Records from a dataset:
-*-*-

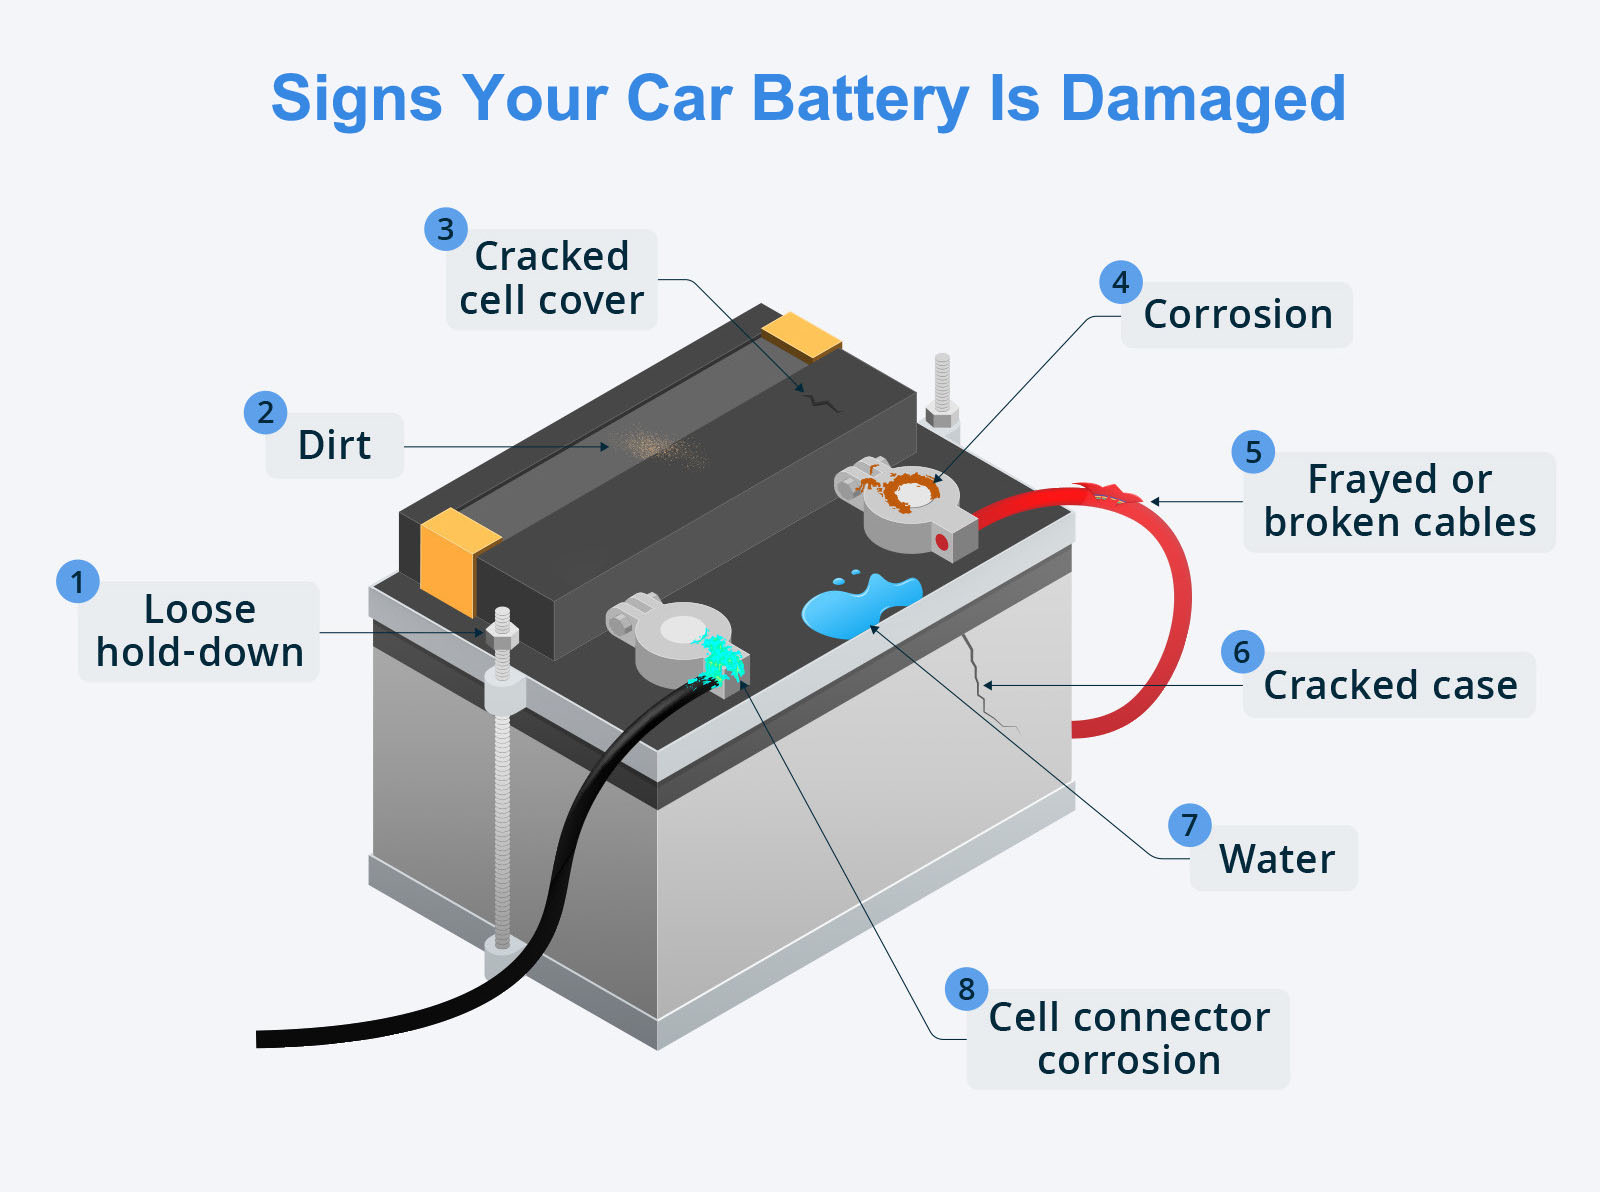 Signs Your Car Battery Is Damaged
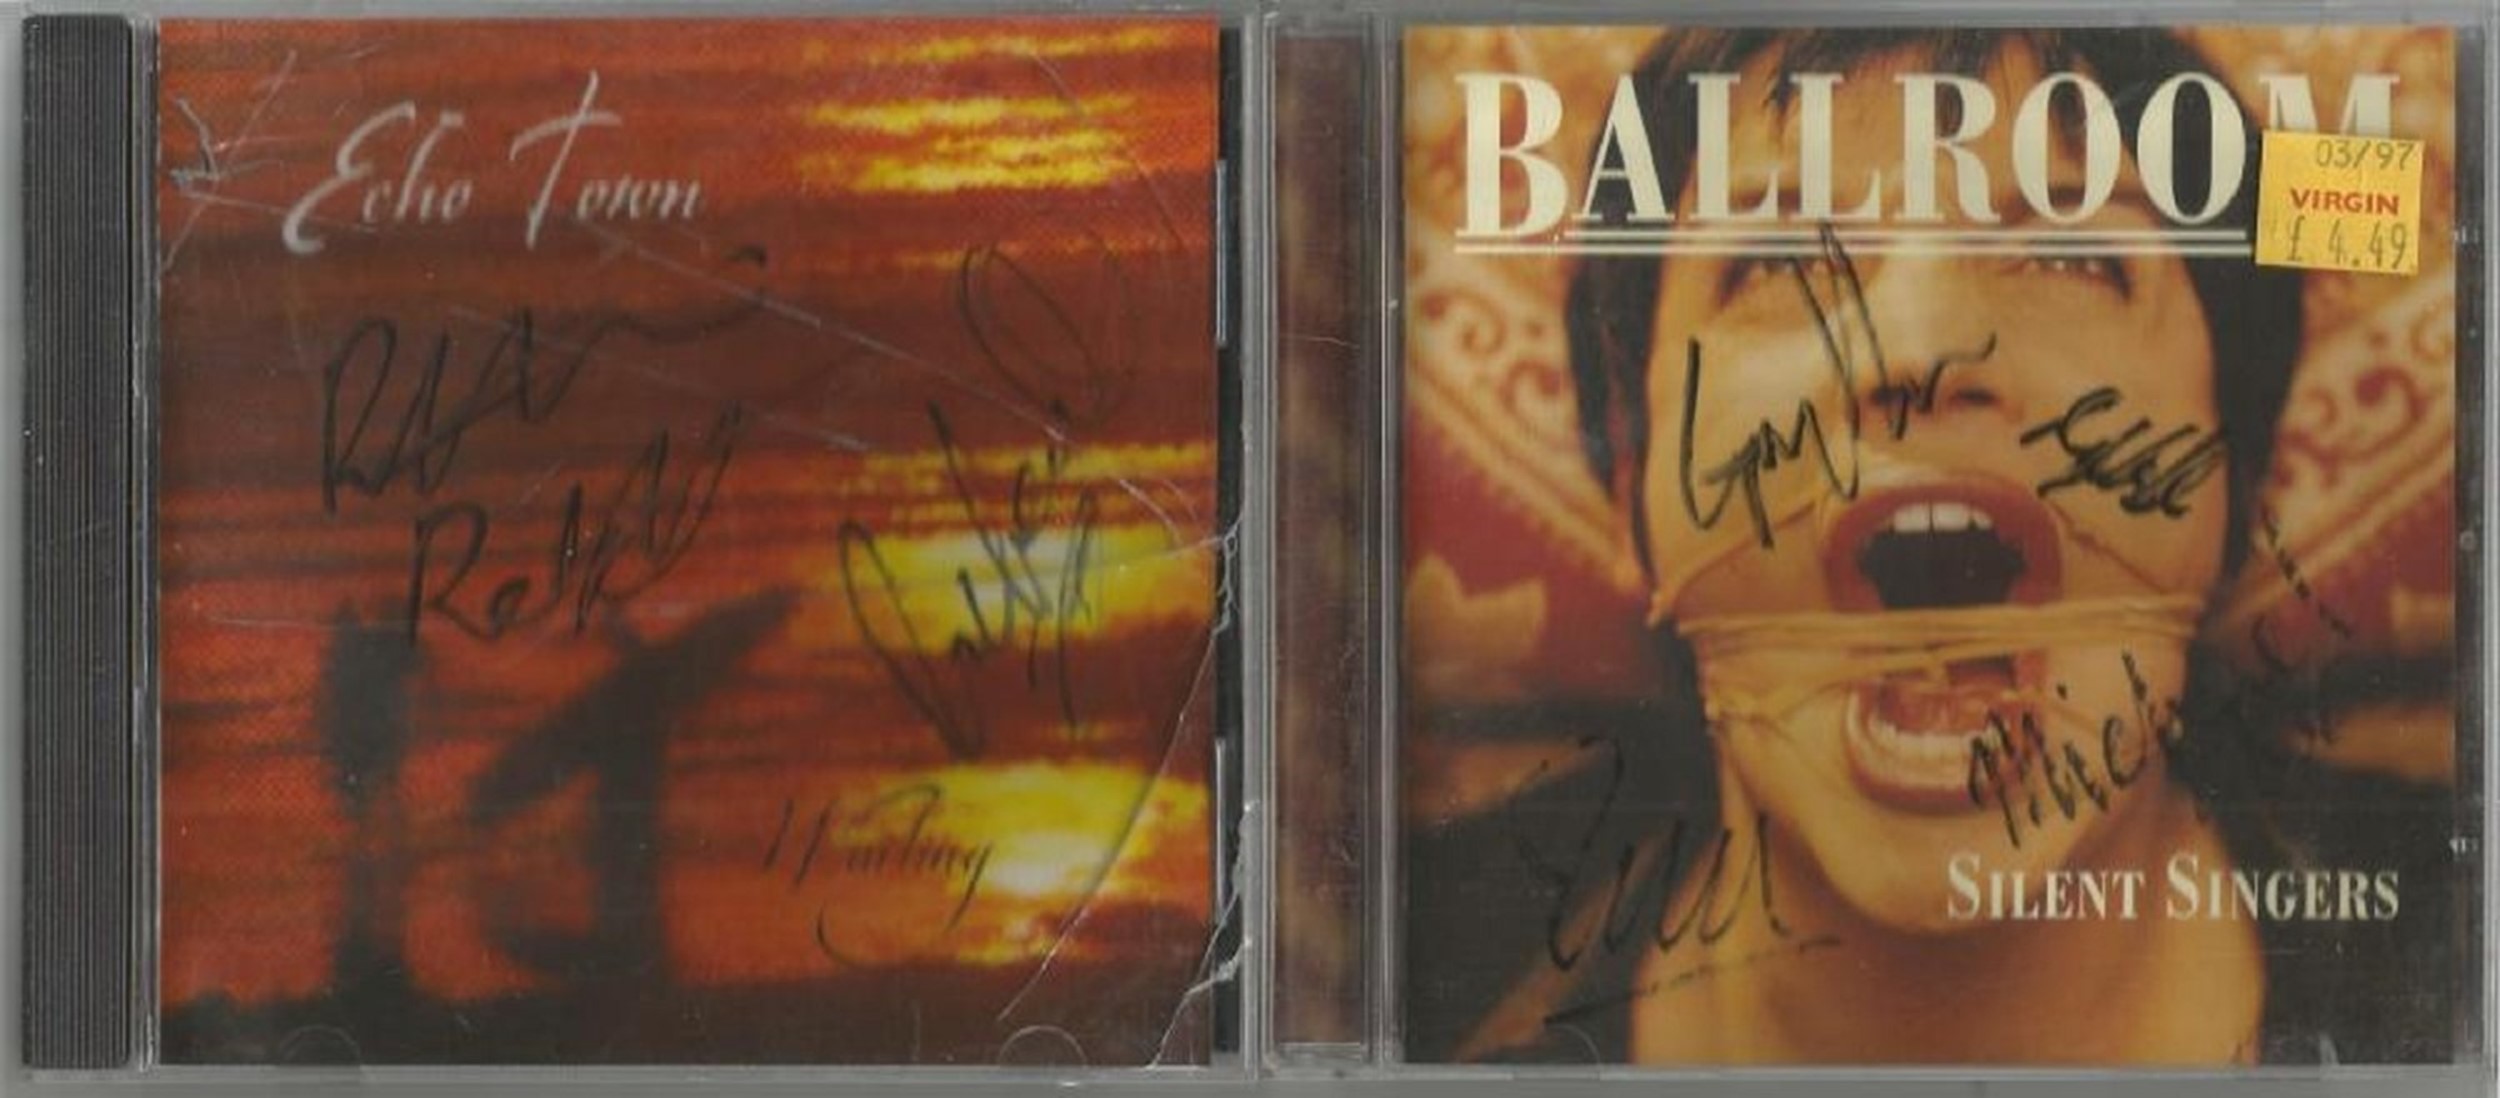 6 Signed CDs Including Ballroom Silent Singers Disc Included, John Gorka After Yesterday Disc
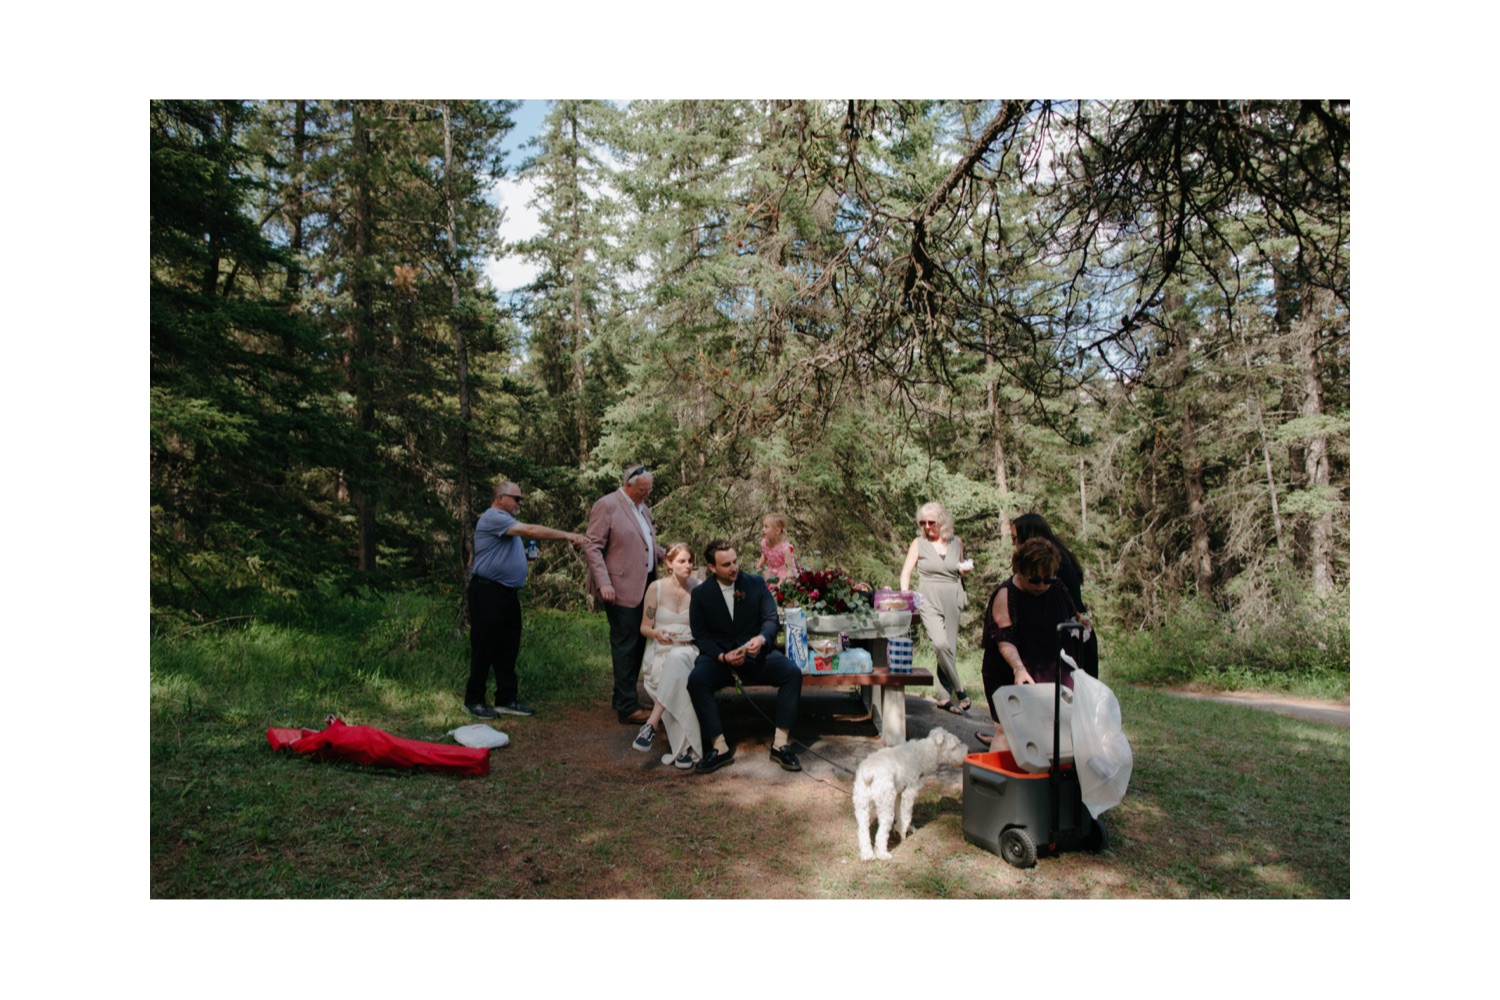 Picnic table wedding lunch on the shores of Johnson Lake in Banff National Park
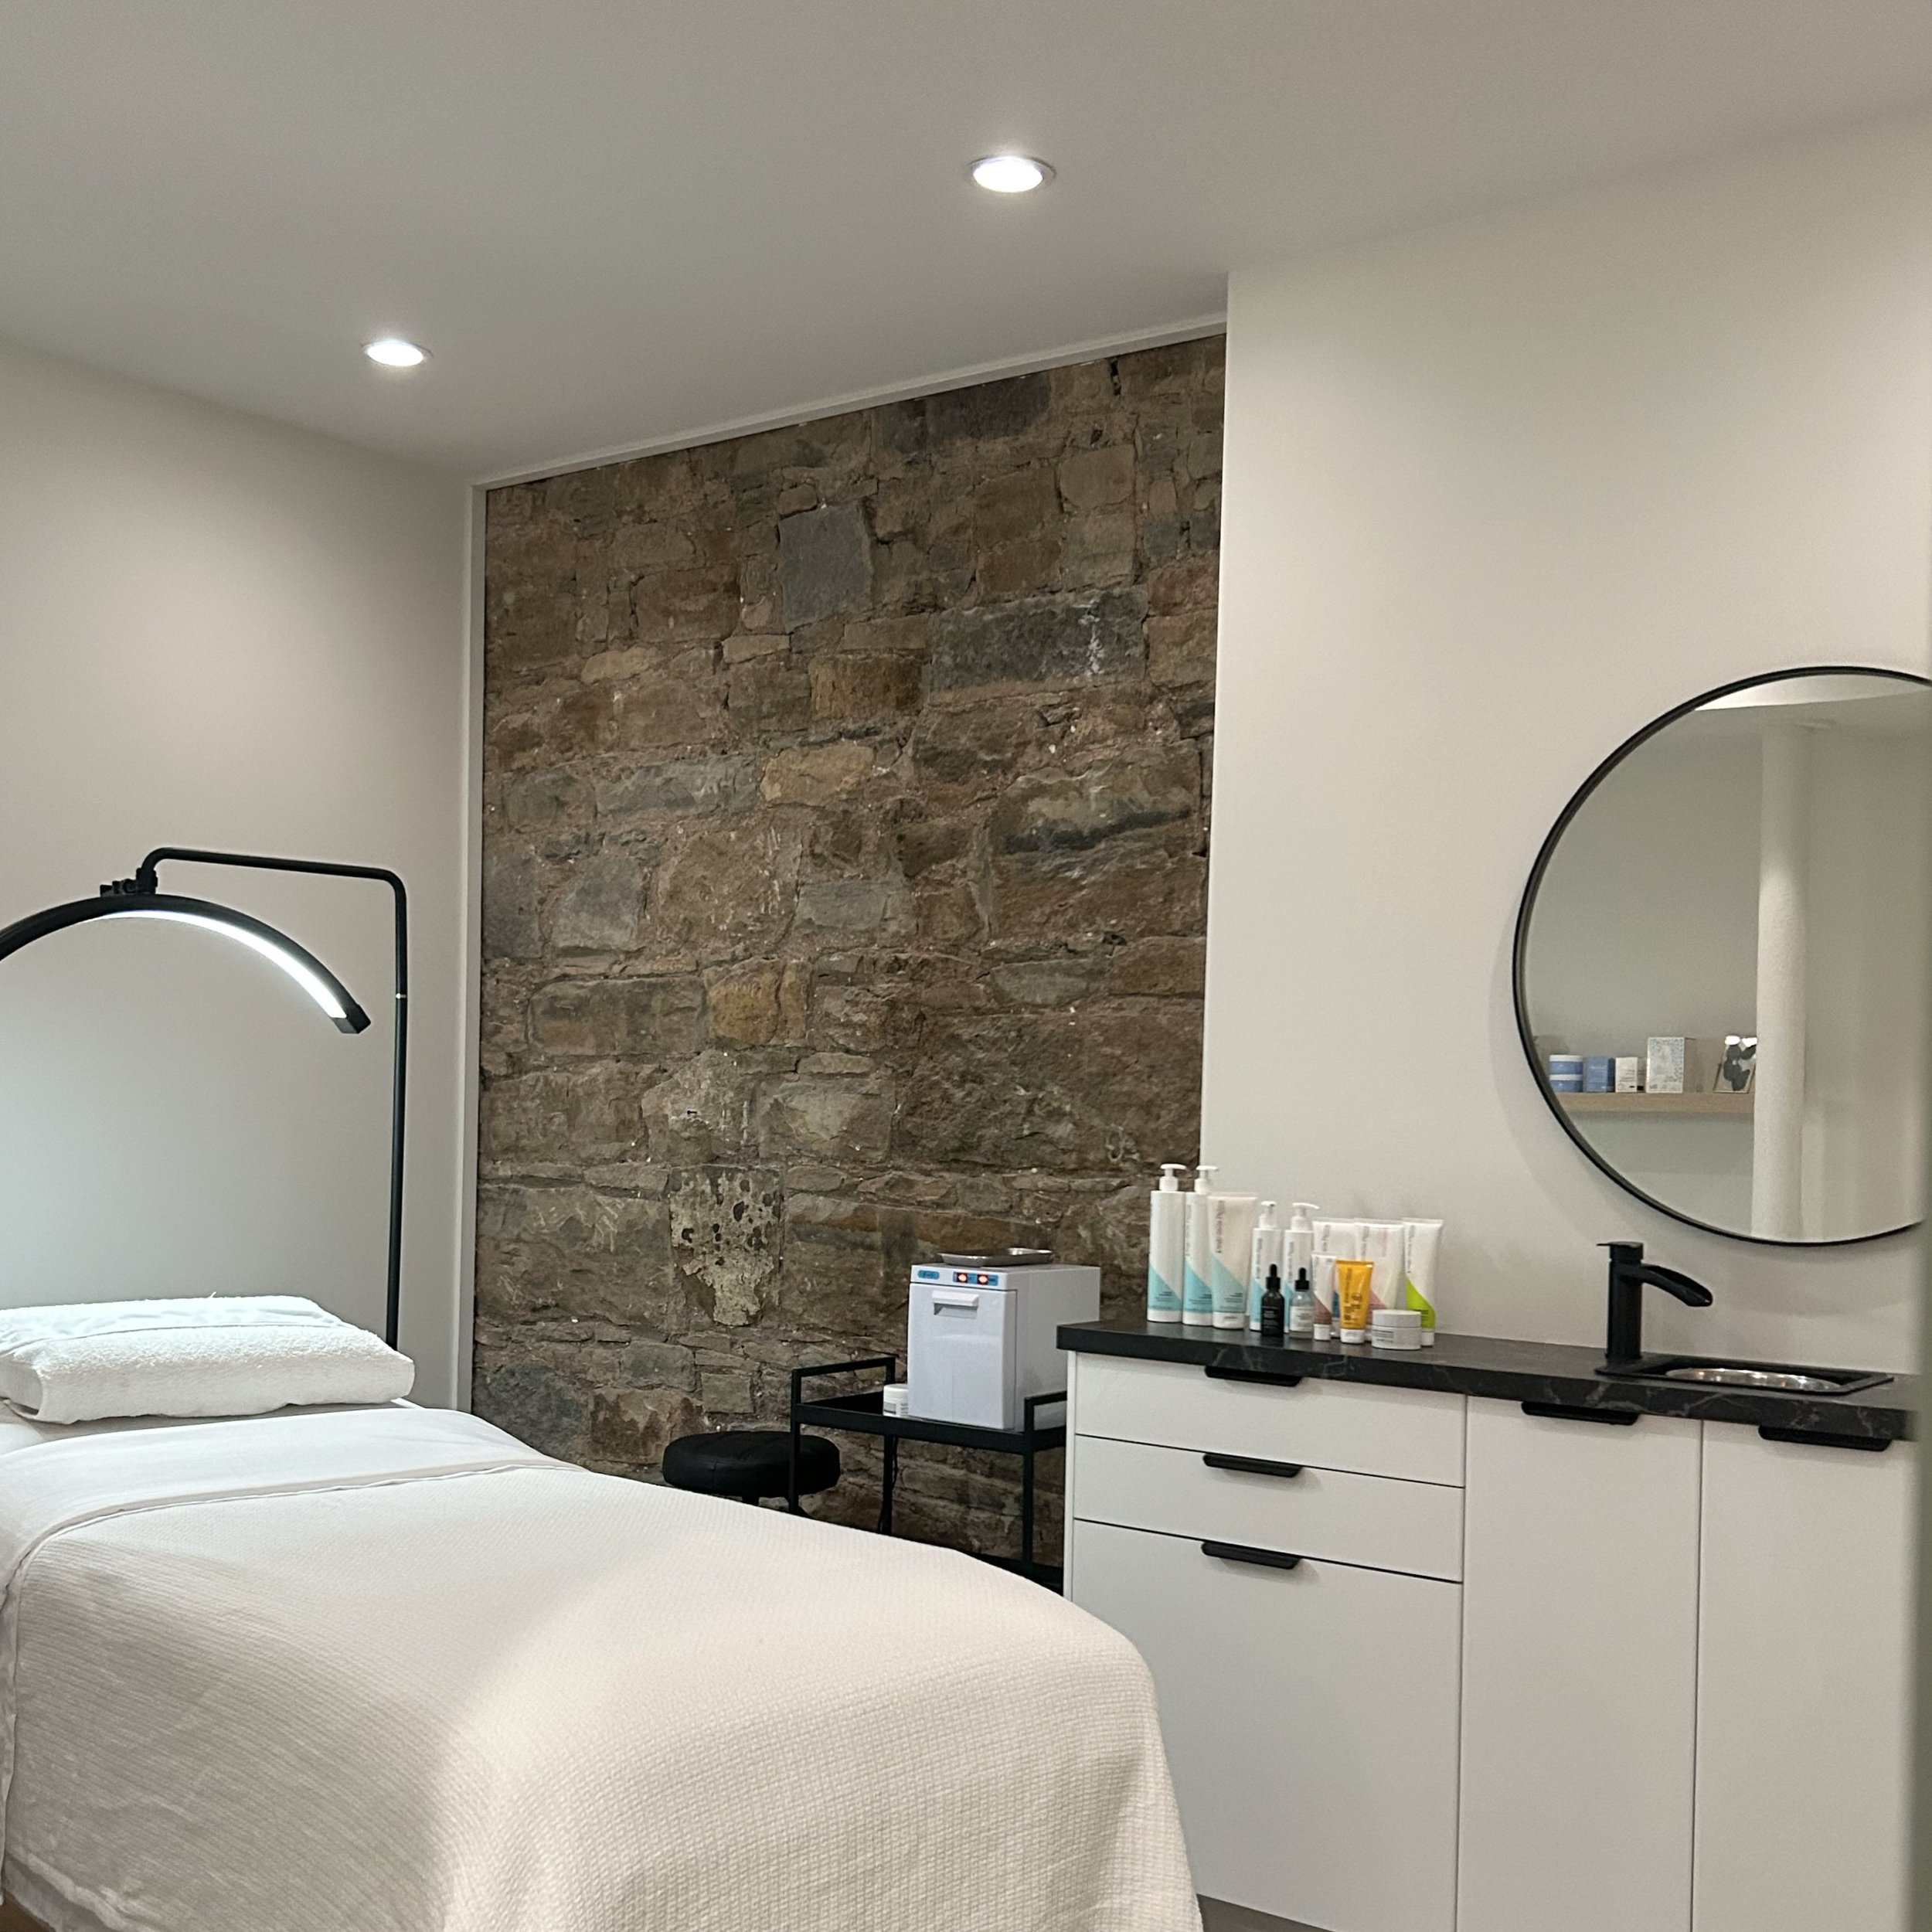 Views from the treatment room 🫶🏻

This is where all your troubles melt away. Our facials are designed not only to treat your skin concerns but also to provide the ultimate relaxation experience. Indulge in a rejuvenating session that leaves you fee

-*-*-

> [Your assignment] Your task is to transcribe exactly the lines from the one containing "Picnic table wedding" through the final line of the entries above, pictures excluded.

> [Written answer]
 Picnic table wedding lunch on the shores of Johnson Lake in Banff National Park
 Views from the treatment room 🫶🏻

This is where all your troubles melt away. Our facials are designed not only to treat your skin concerns but also to provide the ultimate relaxation experience. Indulge in a rejuvenating session that leaves you fee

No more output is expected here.